Florida Sheriff Announces Plan to Train University Staff on Campus Carry

In Lakeland, FL, the faculty of Southeastern University is working with the Polk County Sheriff’s Officer to roll out the first “Sentinel Program” in the Sunshine State. The Sheriff’s Office said the program, which aims to enhance safety for everyone on campus, will not only authorize, but also train university employees to carry concealed firearms on campus.

“We are committed to providing the safest learning environment possible for our university community,” said Dr. Kent Ingle, President of Southeastern University, who is excited about the program.

After the university identifies the staff to carry, they will be screened by PCSO staff with criminal background checks, drug testing and a psychological evaluation. The staff members who pass the first screening process will then go through 132 hours of training with Sheriff’s Office, including nine blocks of instruction on firearms, active shooters and defensive tactics totaling 100 hours of firearms training alone. That’s 20 hours more firearms training than sheriff’s deputies receive. Additionally, university staff must pass at an 85-percent rate compared to the standard 80-percent.

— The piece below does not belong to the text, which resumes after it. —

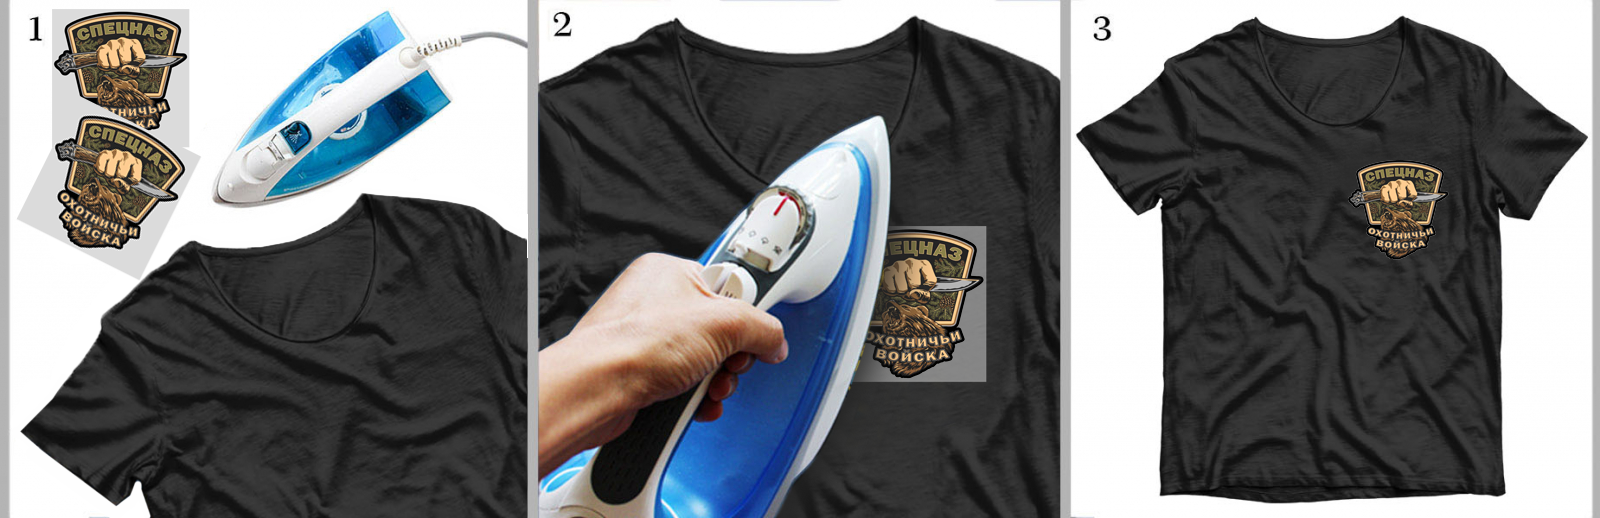 Черная мужская футболка с эмблемой Охотничьих войск

Upon completing the Special Deputy Sheriff Sentinel Program Training, the sheriff will then appoint those staff members Volunteer Special Deputies.

“We know one more critical thing we can do to reduce the number of lives impacted in an active assailant incident is a shorter response time for the good guys to interrupt and stop the bad guy,” said Polk County Sheriff Grady Judd at a news conference.

Sheriff Judd said the program will start with 10 armed faculty and staff members, but may add additional members once it is rolled out on the campus, which is home to approximately 6,000 students.